L’AI avait initialement l’intention d’escorter le plaignant et le TC no 6 jusqu’au poste de sécurité pour appeler leurs parents et leur demander qu’ils viennent les chercher. C’est en fait ce qui s’est passé pour le TC no 6, qui a obéi aux ordres de l’ no 2 et n’a été ni menotté, ni plaqué au sol. Par contre, le plaignant a reculé lorsque l’AI lui a ordonné d’avancer, et les agents ont dû lutter pour lui tenir les bras. L’ no 1 et l’AI l’ont alors plaqué au sol puis menotté. Pour ce faire, l’AI a placé son genou contre la nuque et la tête du plaignant lorsque celui-ci était à terre, ce qu’il a justifié en déclarant que c’était pour maîtriser le plaignant. L’AI a affirmé qu’il n’avait pas exercé de pression. Ceci contredit quelque peu les images de vidéosurveillance où on voit l’AI poussant son genou contre la nuque et la tête du plaignant pendant qu’on lui plaçait les menottes, ce qui semble l’empêcher de bouger la tête.

Un peu plus tard, on voit aussi sur la vidéo le plaignant cogner son épaule et possiblement sa tête contre un panneau publicitaire sur le mur du corridor. L’AI réagit en mettant son bras autour du cou du plaignant et en le tirant en arrière vers le sol. Cette technique permet à l’AI de mettre à terre le plaignant de manière contrôlée, en le faisant atterrir avec une force minimale sur les fesses. Lorsque l’AI a retiré son bras du cou du plaignant, ce dernier n’a montré aucun signe visible de détresse. Le degré de force utilisé semble constituer une technique raisonnée et contrôlée pour placer le plaignant en position assiste en toute sécurité et lui permettre de se calmer. L’enquête n’a rien révélé qui indiquerait que le plaignant se soit cogné la tête lors de son interaction avec le SPRN et, par conséquent, il n’y a pas de motif de croire qu’il a subi une commotion lors de cet incident.

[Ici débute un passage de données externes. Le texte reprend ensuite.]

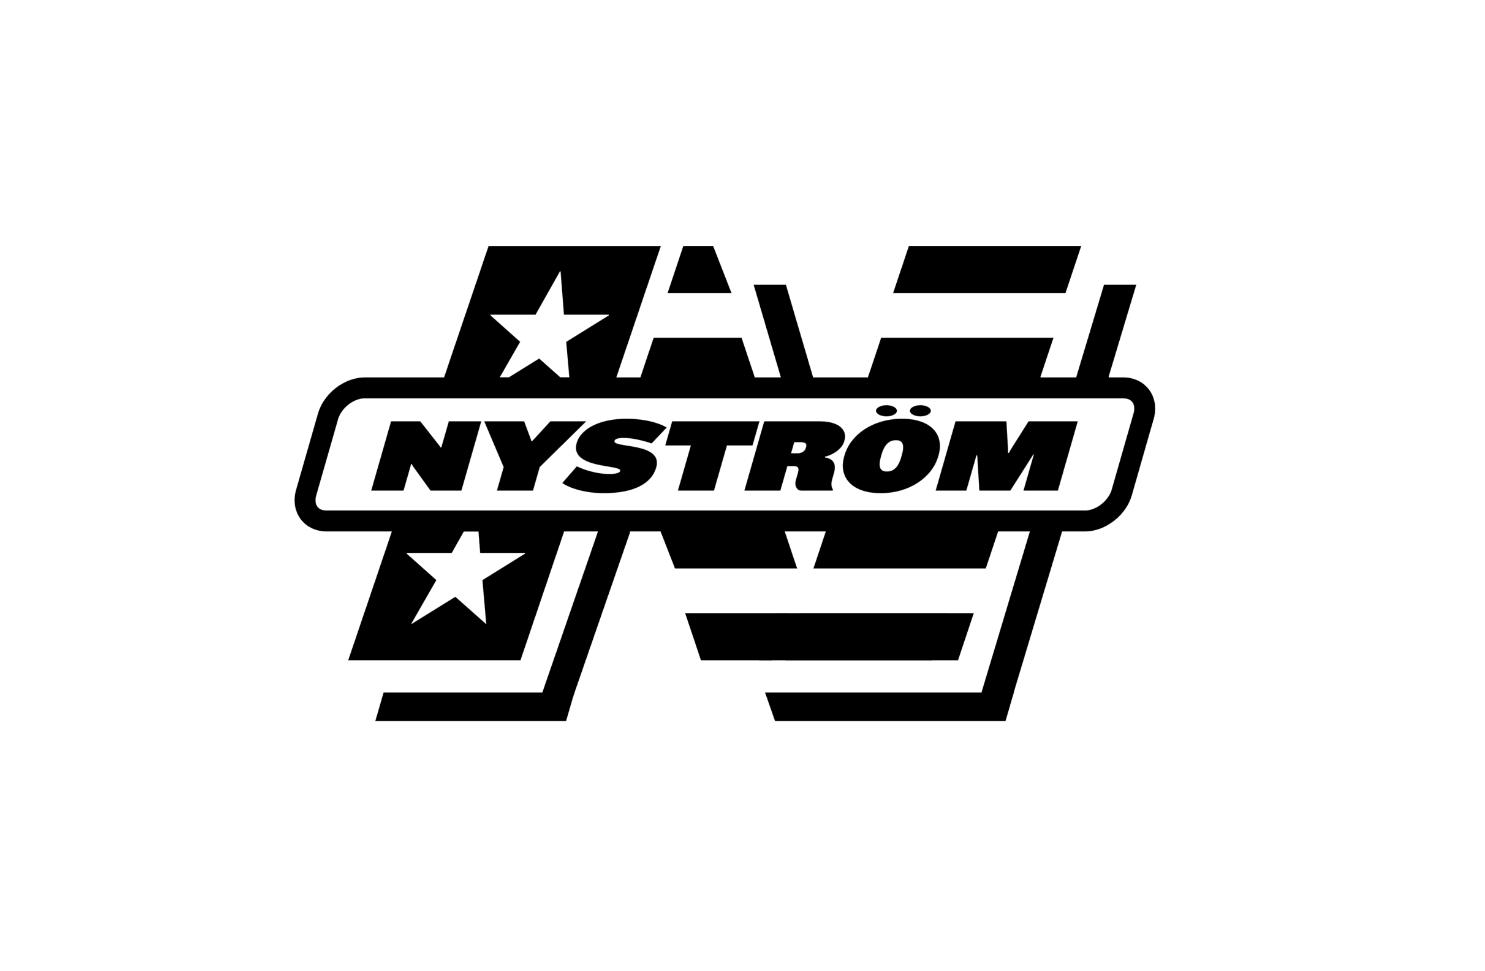 Nystrom_Workshop_36_edited
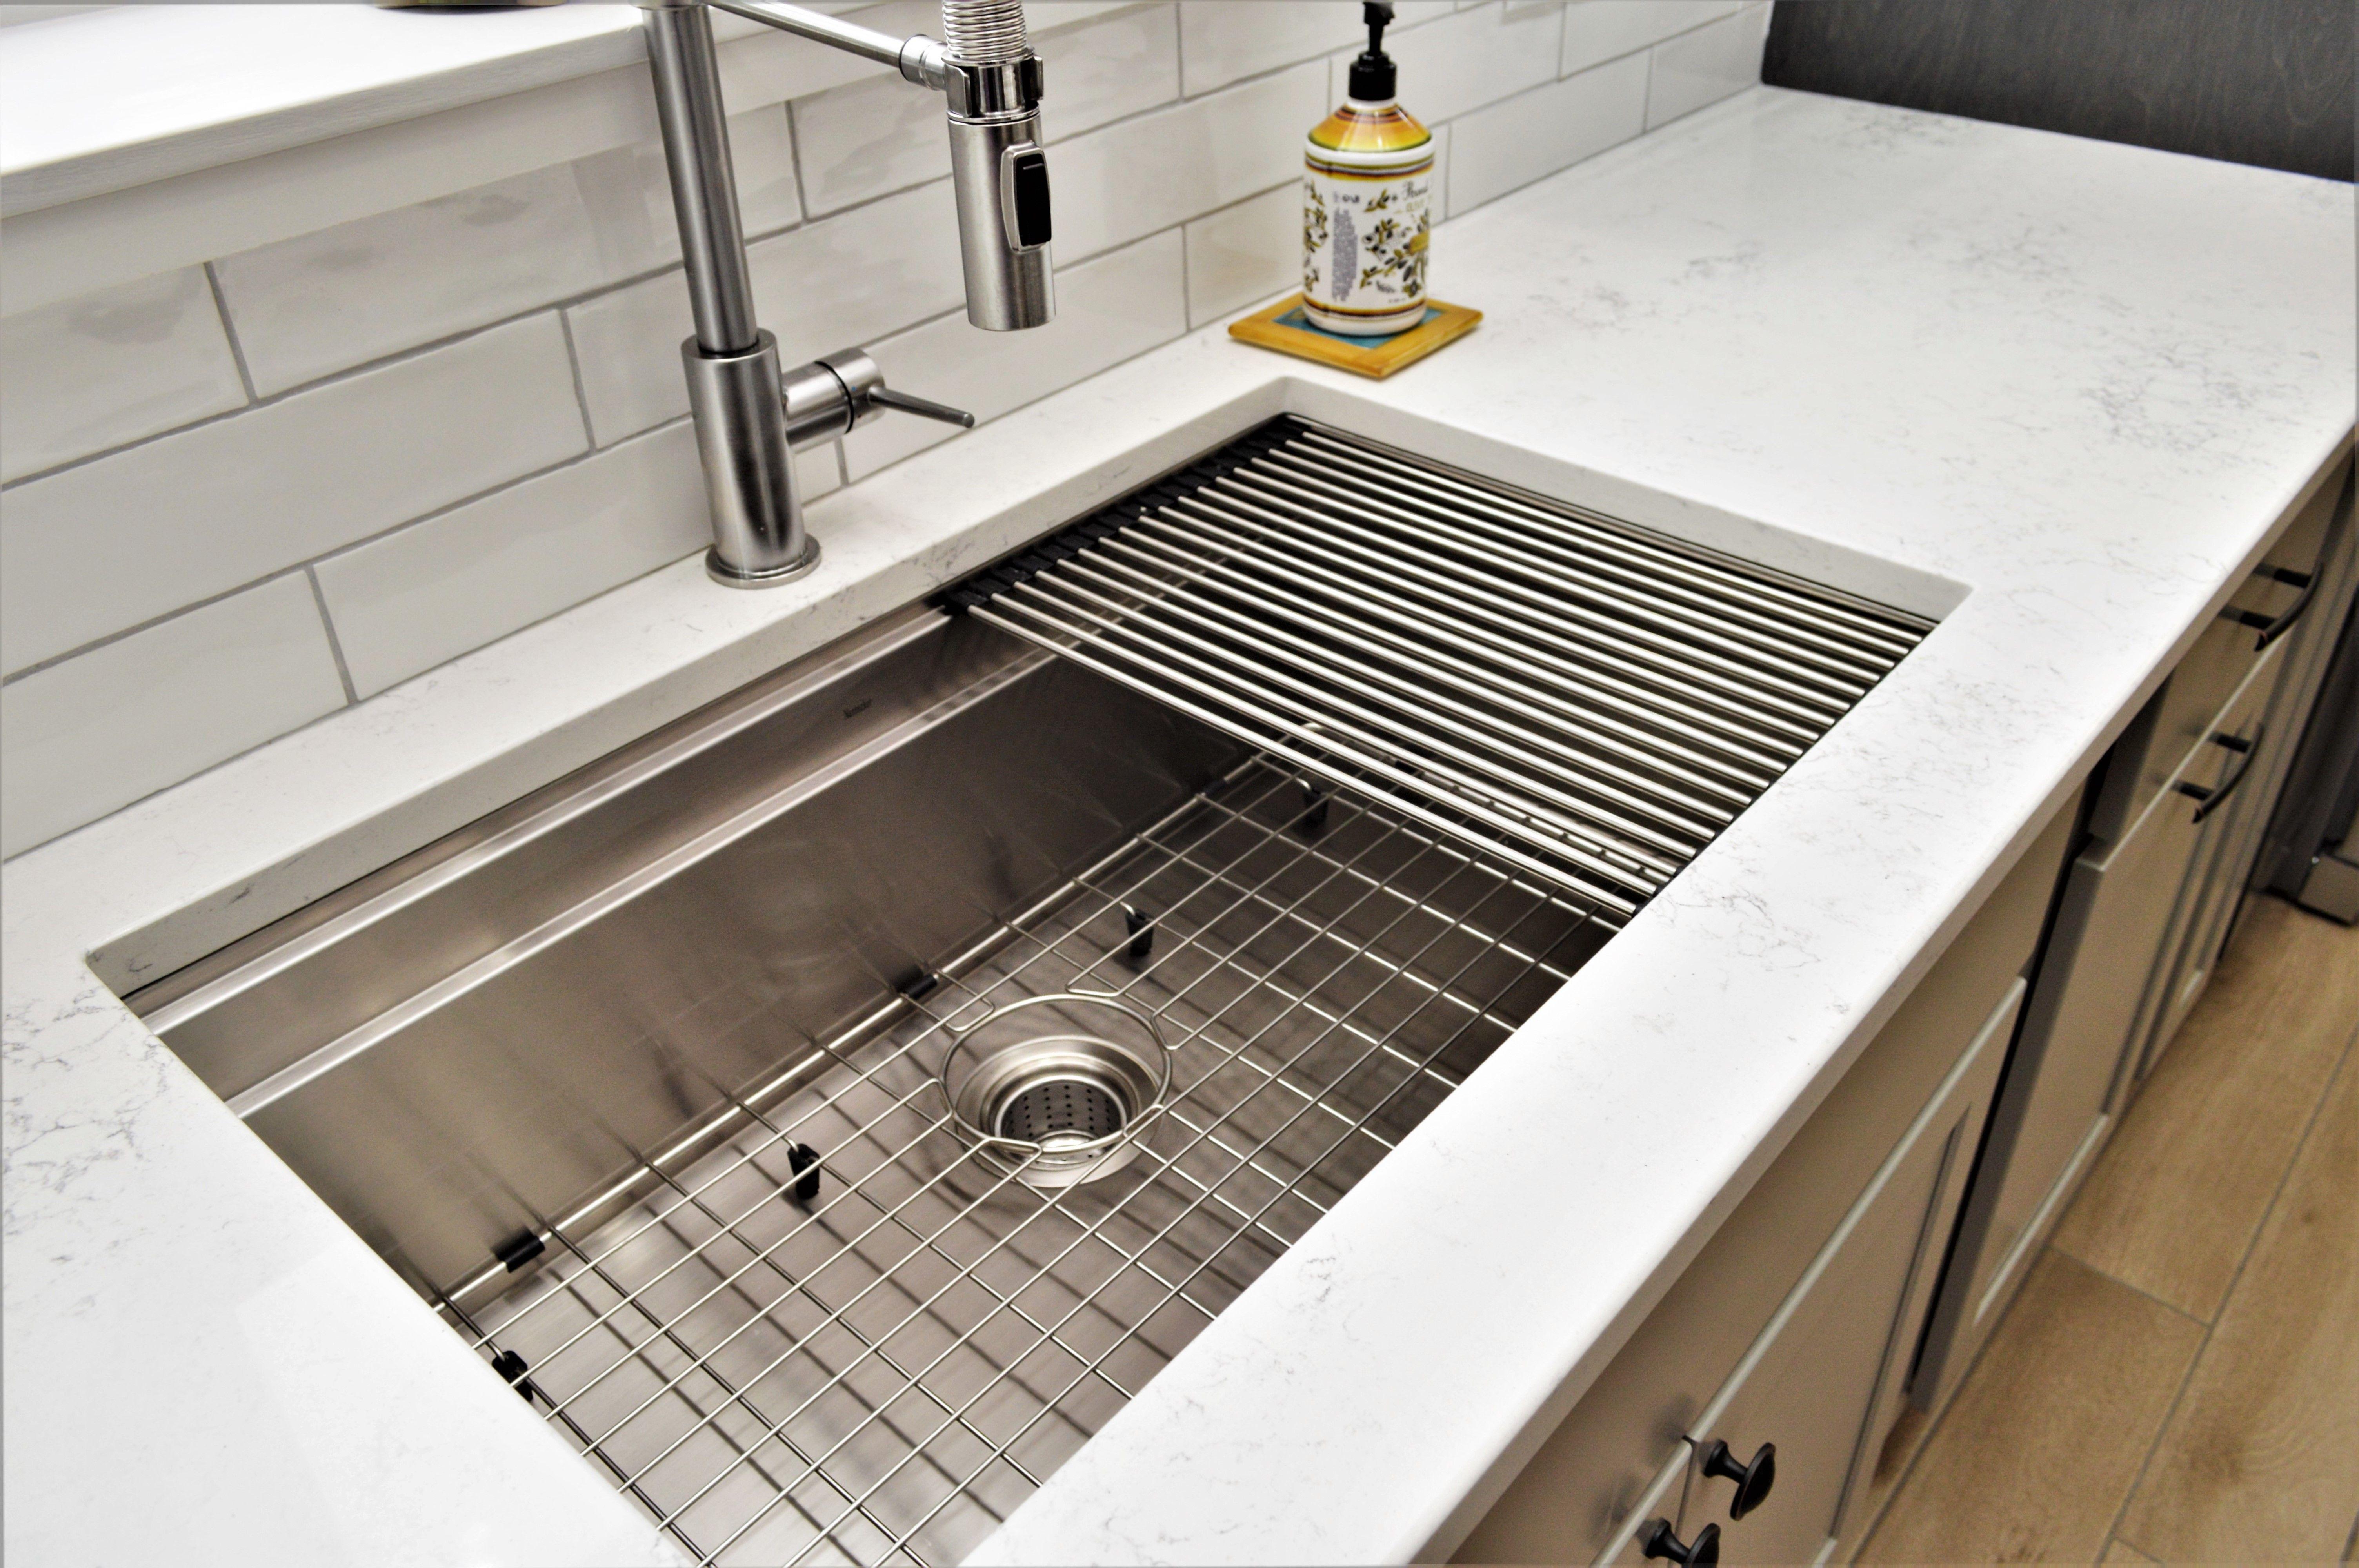 bailey s cabinets nantucket single bowl undermount stainless steel sink model zrps322016 undermount stainless steel sink sink stainless steel sinks

Néanmoins, compte tenu des deux scénarios que l’on peut observer sur la vidéo et qui pourraient possiblement causer une blessure à la tête du plaignant, à savoir que le plaignant s’est peut-être cogné la tête sur le panneau publicitaire et que l’AI a peut-être appuyé trop fort sur la nuque ou la tête du plaignant avec son genou, le TC no 7 a expliqué que se précipiter contre un panneau était la cause probable de la commotion parce que la pression appliquée sur la tête de la manière que montre la vidéo ne pourrait pas causer la commotion subie par le plaignant.

En conclusion et en me fondant sur l’ensemble des éléments de preuve, je suis convaincu que, pour des motifs raisonnables, la force utilisée par l’agent pour procéder à l’arrestation du plaignant est restée dans les limites prescrites par la loi et, par conséquent, aucune accusation ne sera portée dans cette affaire.

Date : 24 juillet 2017

Original signé par

Tony Loparco
Directeur
Unité des enquêtes spéciales

Note:

La version originale anglaise signée du rapport fait autorité. En cas de divergence entre cette version et les versions anglaise ou française en ligne, la version originale anglaise signée du rapport l’emporte.